The driver leaned across the seat and threw the passenger door open. Hezekiah kept walking.
I walk to forget…
He neared the pickup. It wore an out-of-state plate and a blanket of dust. He swallowed a chunk of mountain air, telling himself, Don’t stop. You stop you remember. Forget.
The driver tapped the horn as Hezekiah stumbled past the open passenger door, twisting his hands against each other, bringing his right fist into his other palm and digging into the meat. He squinted his eyes against the sun flaring high above, and gritted his teeth as he slowed and a red blossom spread its stain across the back of his eyes.
“At least the dead might rest in peace,” he mumbled, his tongue thick and dry, throat parched.
“Hey. You need a lift, right?” A girl’s voice, hysterical with sin and selfishness.
He stopped a couple feet past the front bumper, a poof of dust floating from the shoulder around his worn sneakers and sun-bleached blue jeans. Hezekiah’s voice came out a whisper that died in the still air. “That bitch.”
“You a mute, mister?”
Cars roared by in both directions. Drivers with faces, identities, memories. He envied them in a way. At least they knew how to accept their lives enough to move forward.
“I walk to forget . . .”
He started down the road, eyes on the foothills.
The driver opened her door behind him and he could picture her—lithe, dirty blond hair, an AC/DC tee and a short leather skirt; her skin pale further up her arms and thighs, and hiding bruises of men who dug into her to pay her back for what she took from them. He pictured every mole and a pimple on her ass, right cheek.

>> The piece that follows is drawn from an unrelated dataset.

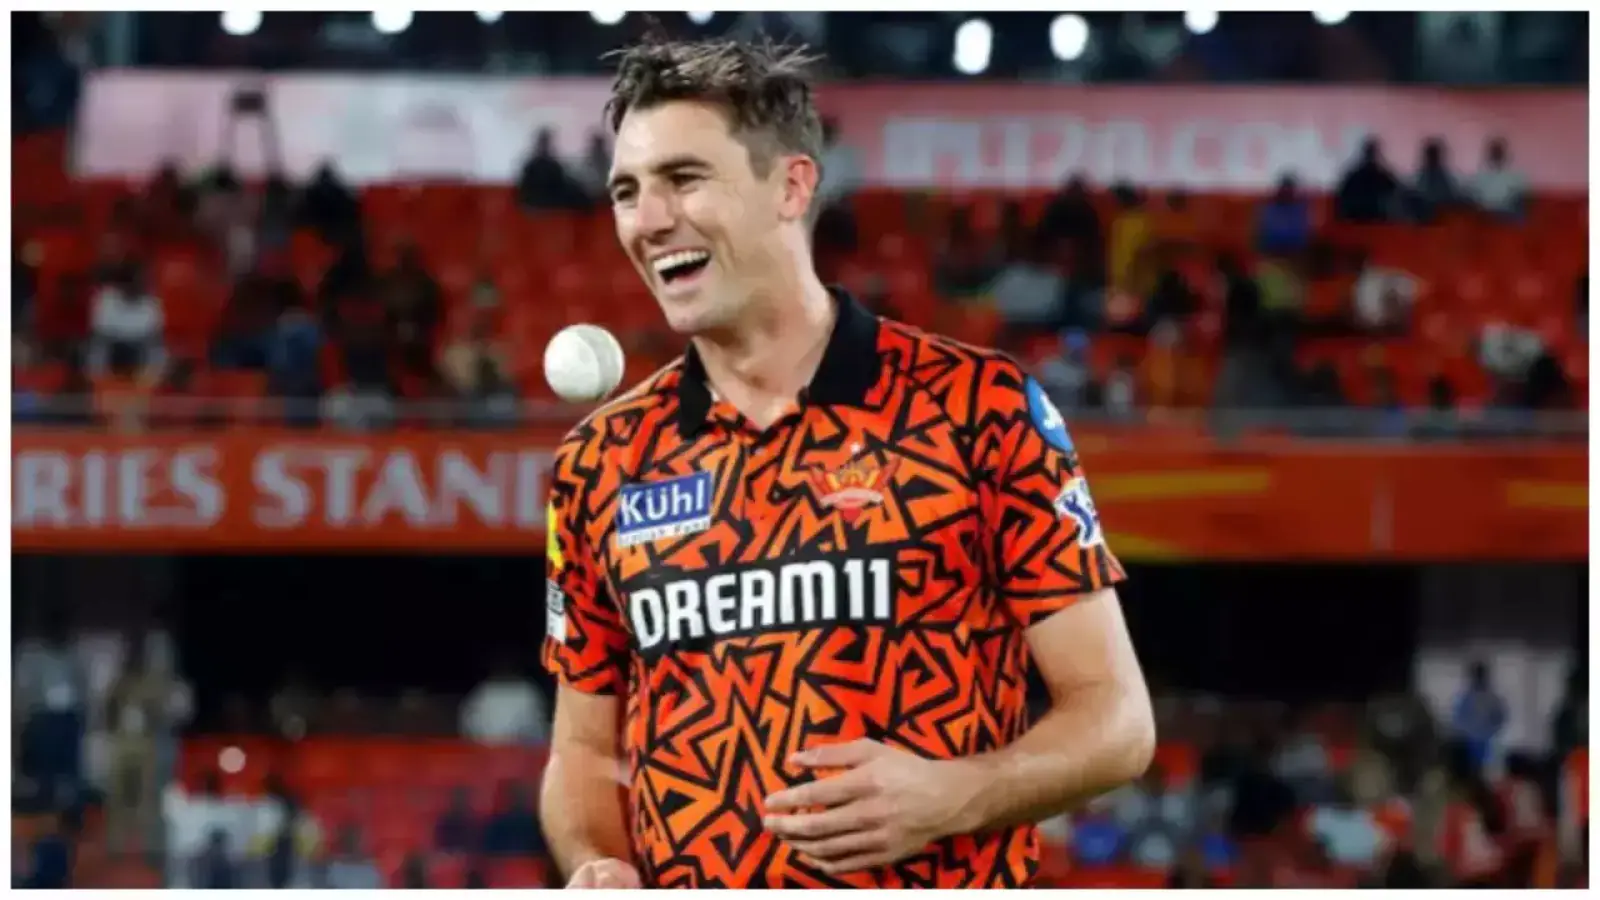 'I wouldn't like to bowl to him, he scares me', SRH captain Pat Cummins is scared of India's young batsman

“Hey. You want a ride or not?”
Sins against God and man and Earth . . .
Gravel crunched beneath her shoes—high heels digging into holy mahogany—and her fingers closed around his left arm. She tried to move him, turn him toward the Burning Bush and her corruption. Hezekiah wanted to moan the madness free. He shook his head, his shoes tight over his toes.
You can’t save me. I can’t save you. It’s too late. We’re all alone with our pasts, walking these side roads.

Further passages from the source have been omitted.